▶ [TASK REQUIREMENTS]: Produce an exact copy of all the data below, dropping every image.

DATASET EXTRACT section start

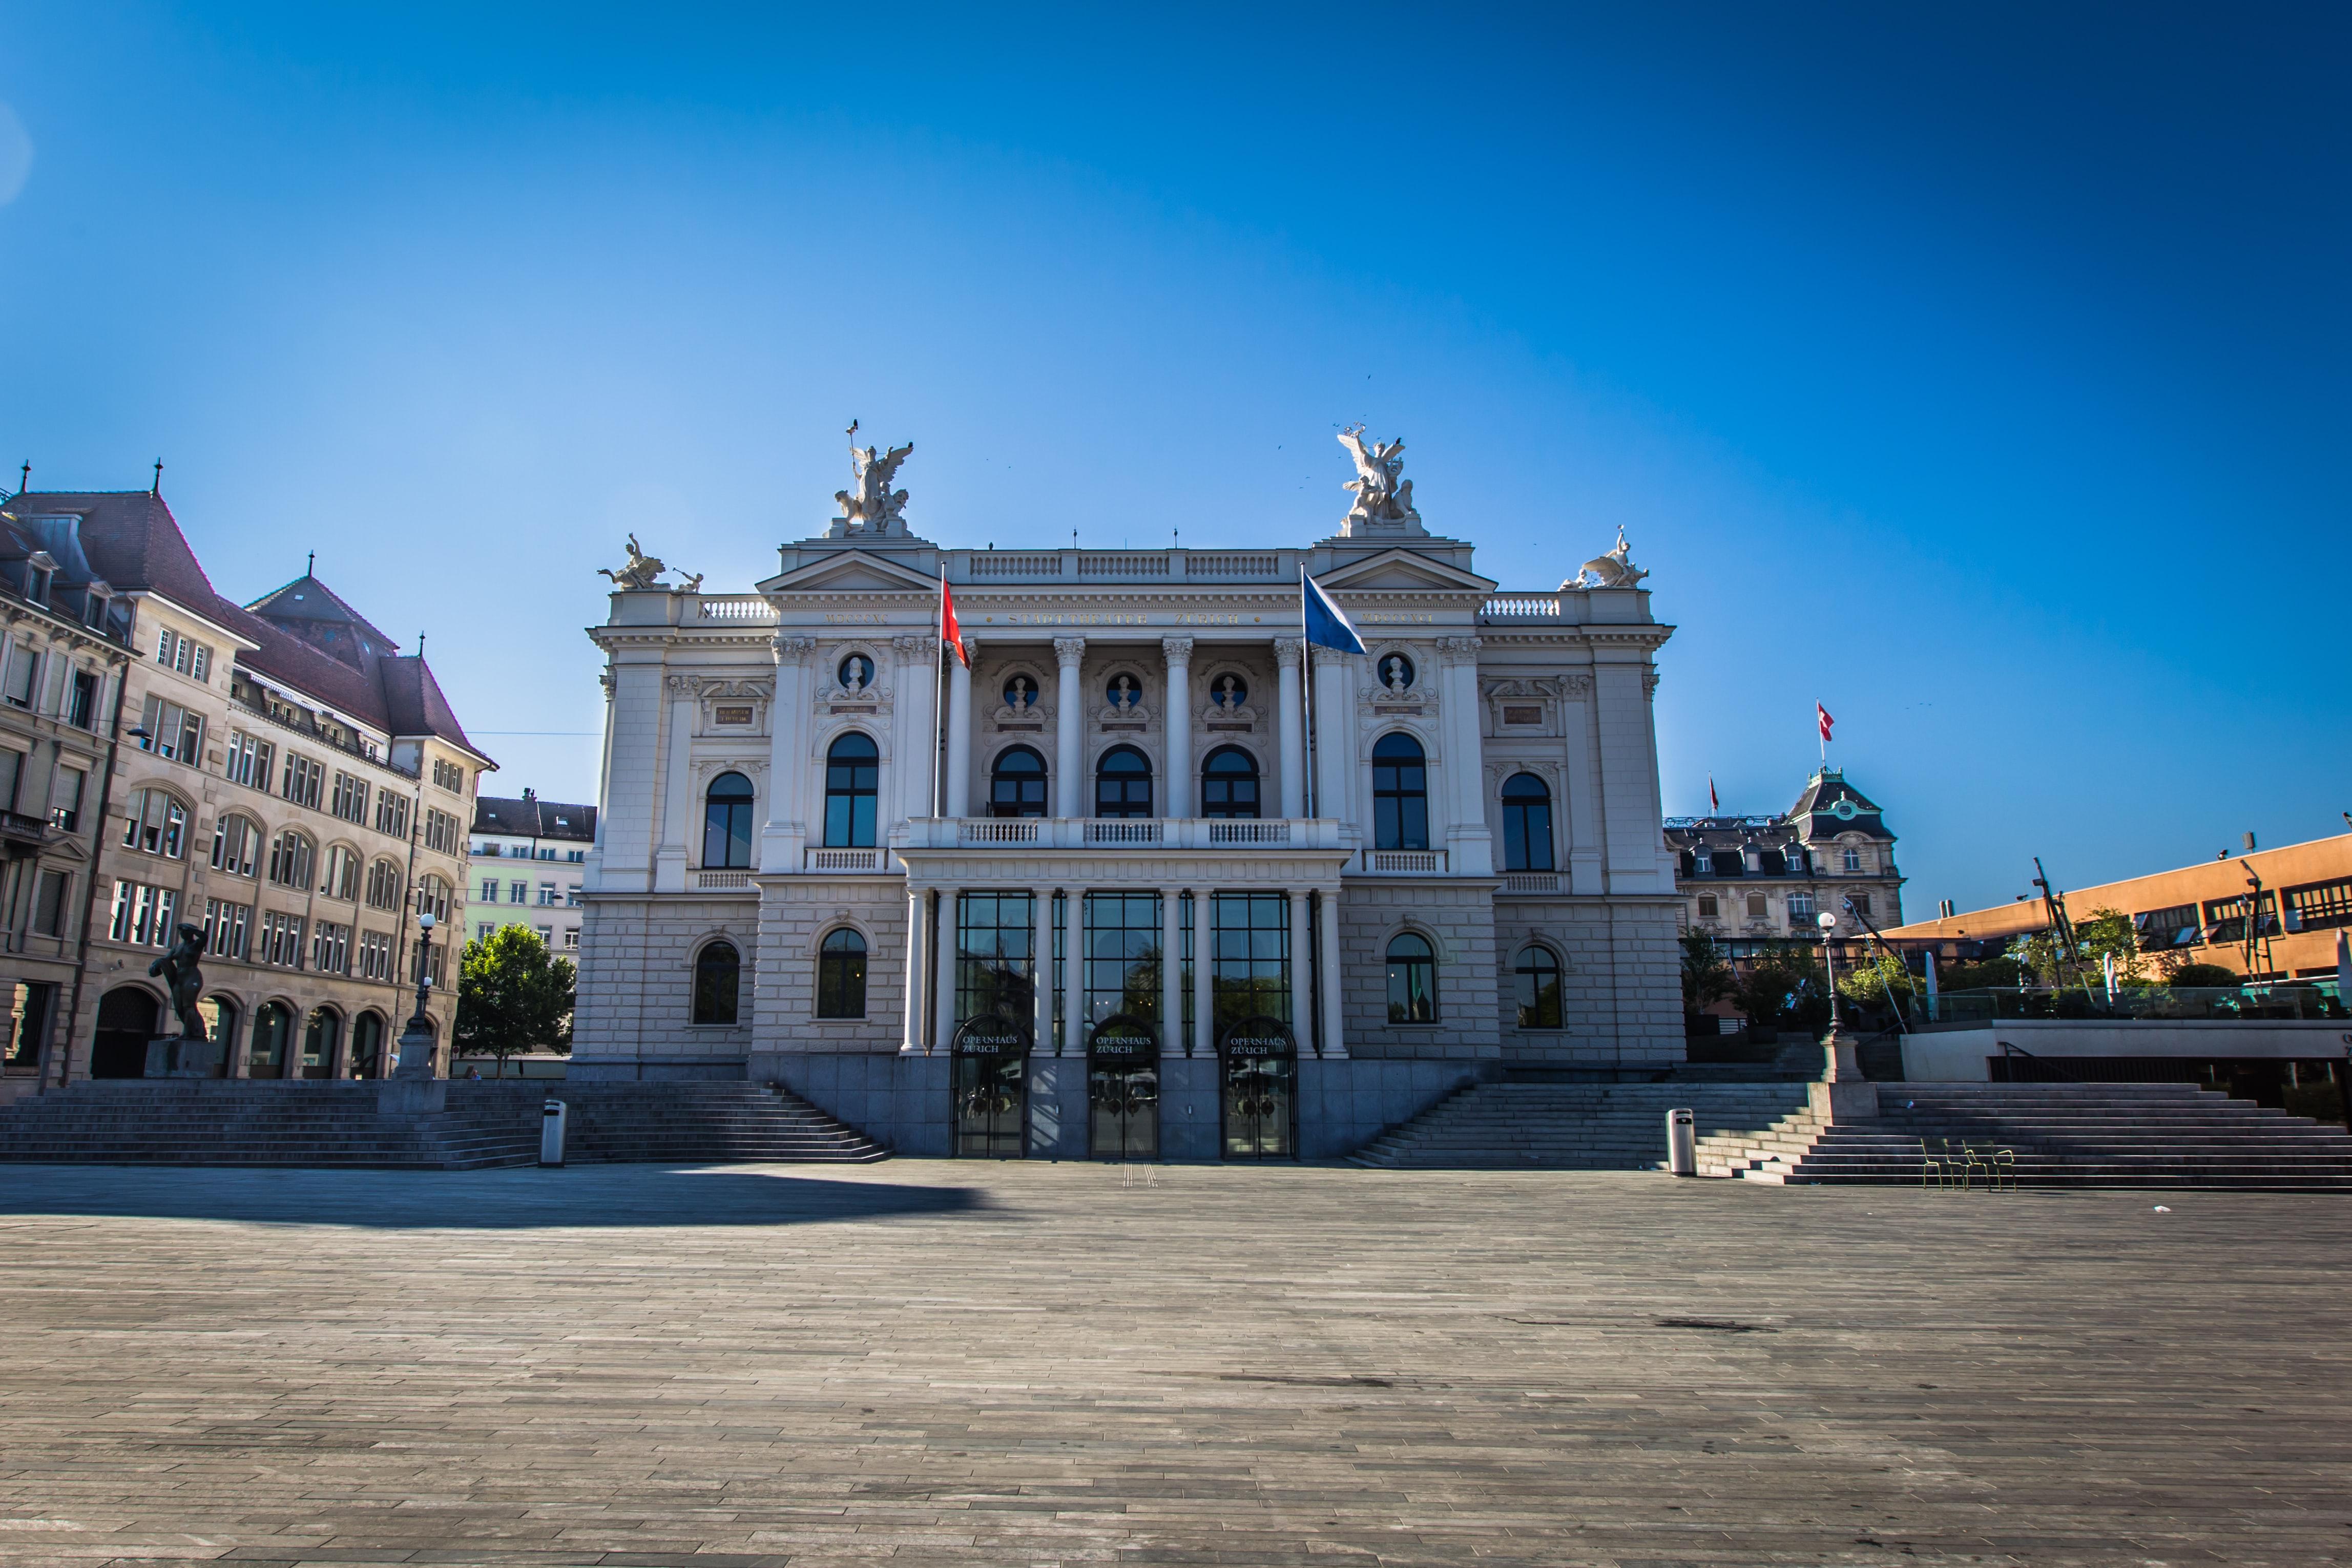 Opera House in the Swiss city of Zürich - located on Sechseläutenplatz
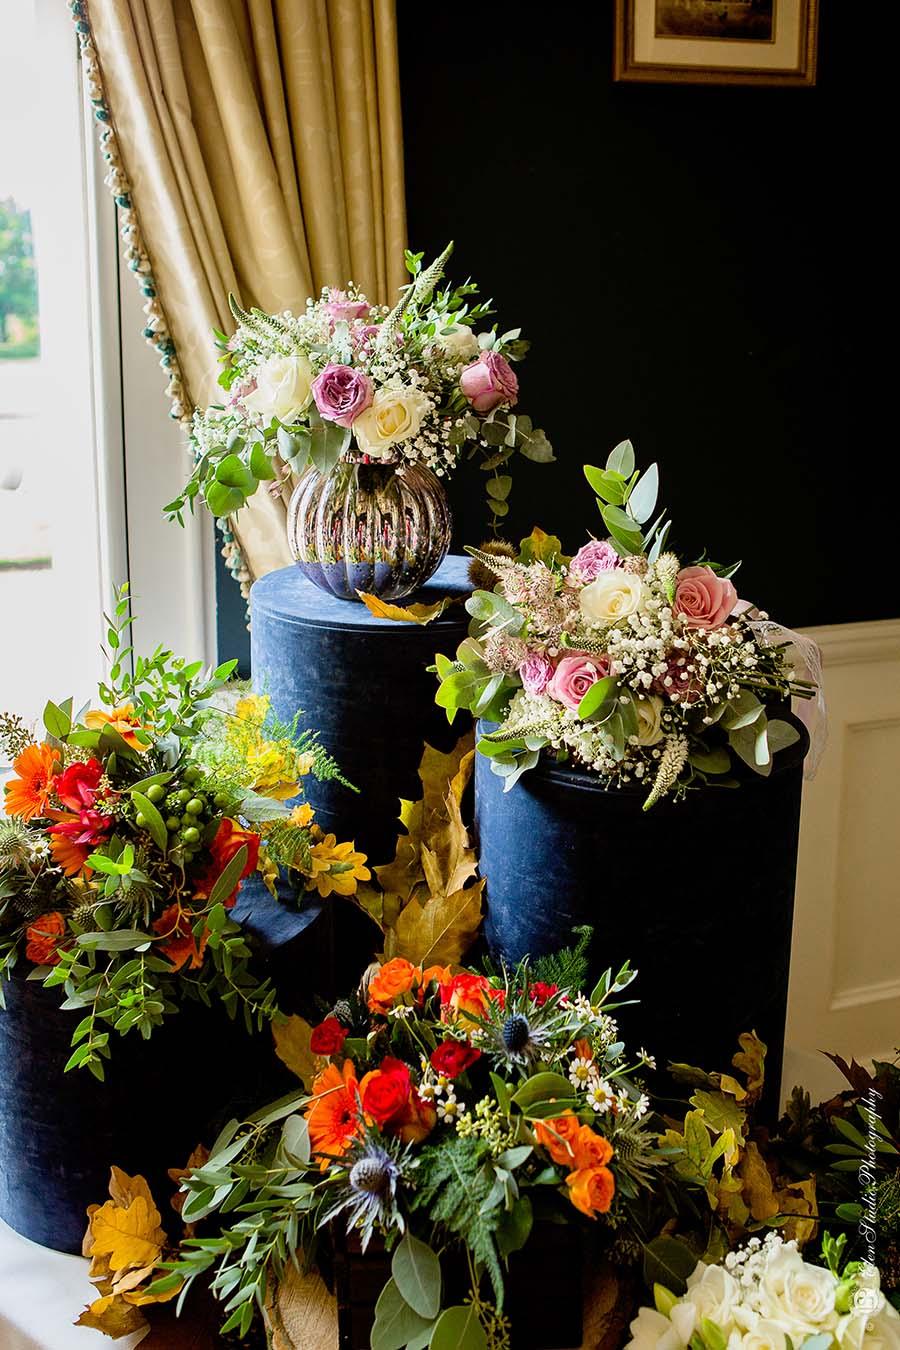 Hodsock-priory-wedding-fair-Elen-Studio-Photography-009
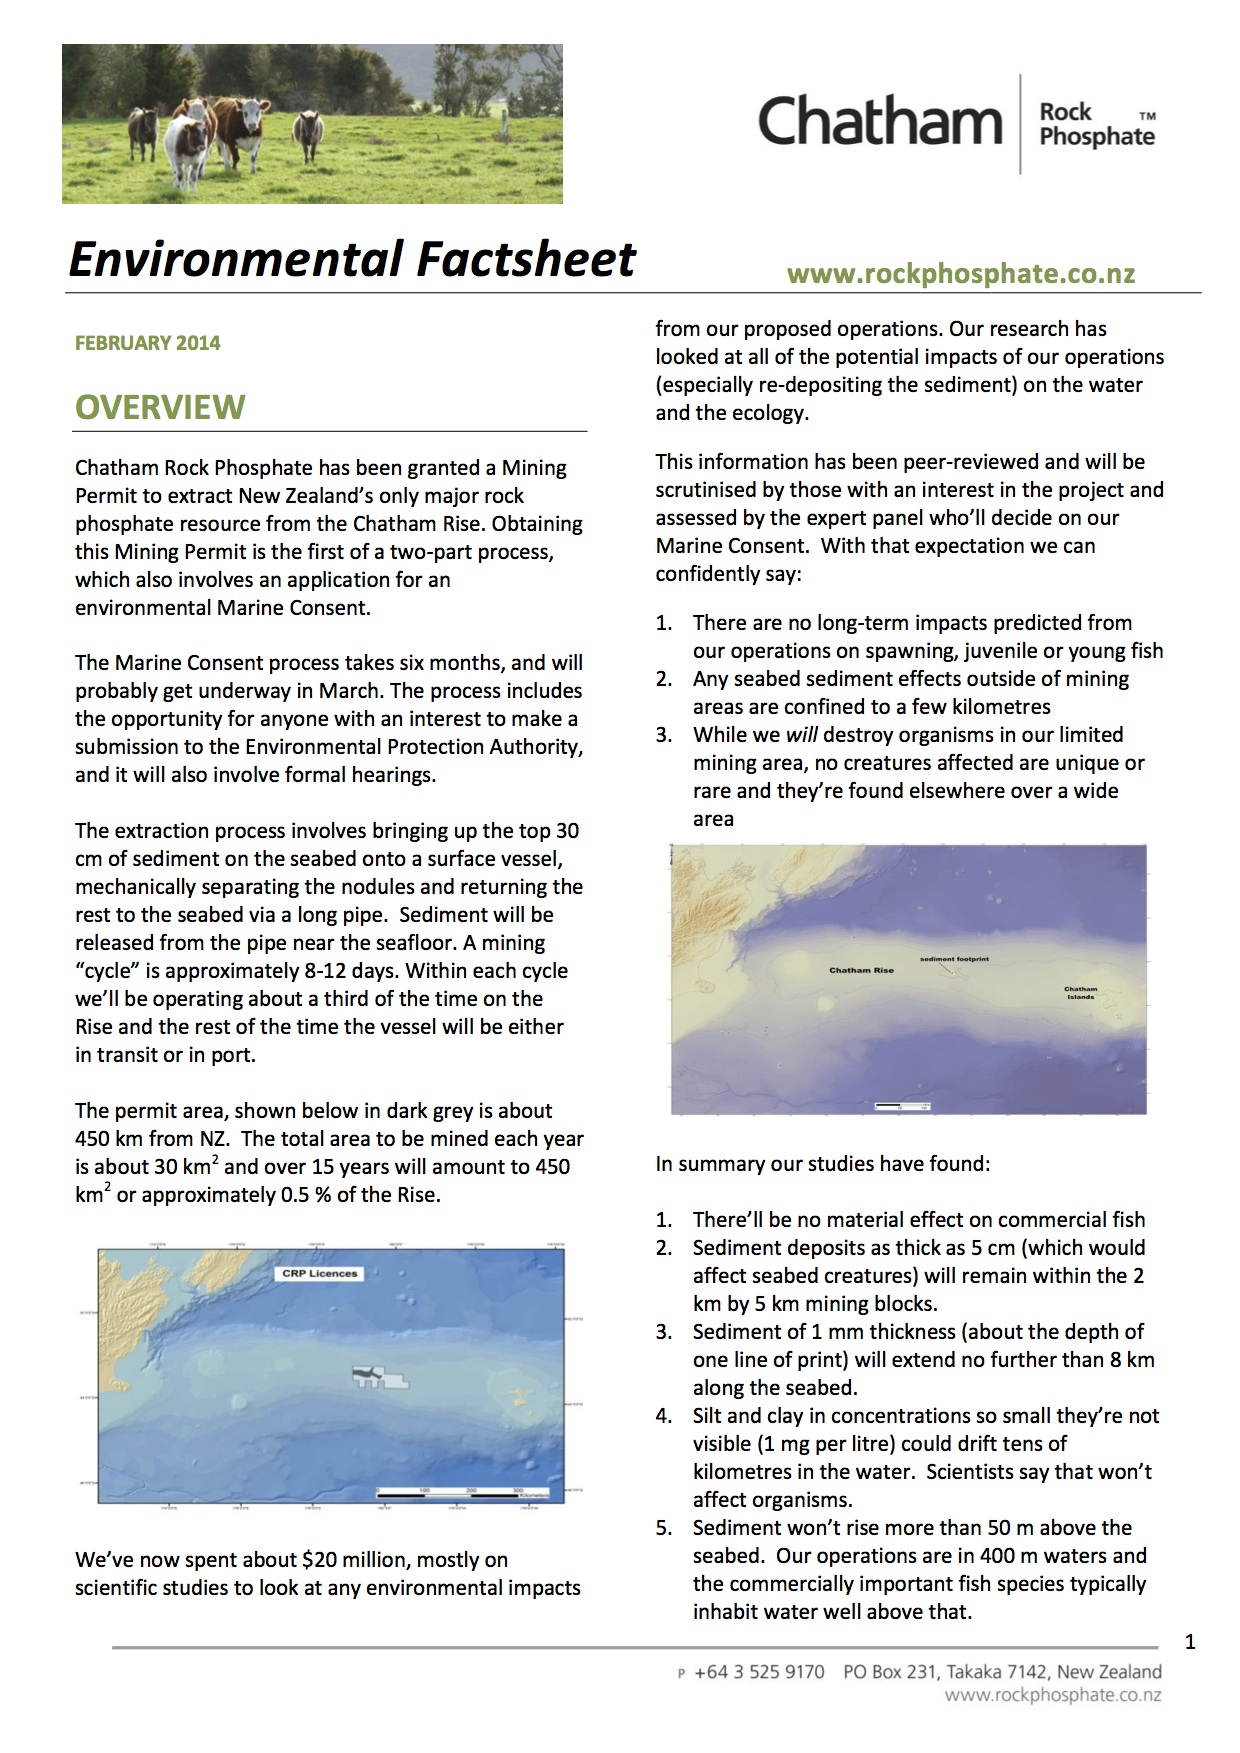 Environmental Fact Sheet Feb 2014.jpg

DATASET EXTRACT section end

▶ [COMPLETED TASK]:
 Opera House in the Swiss city of Zürich - located on Sechseläutenplatz
 Hodsock-priory-wedding-fair-Elen-Studio-Photography-009
 Environmental Fact Sheet Feb 2014.jpg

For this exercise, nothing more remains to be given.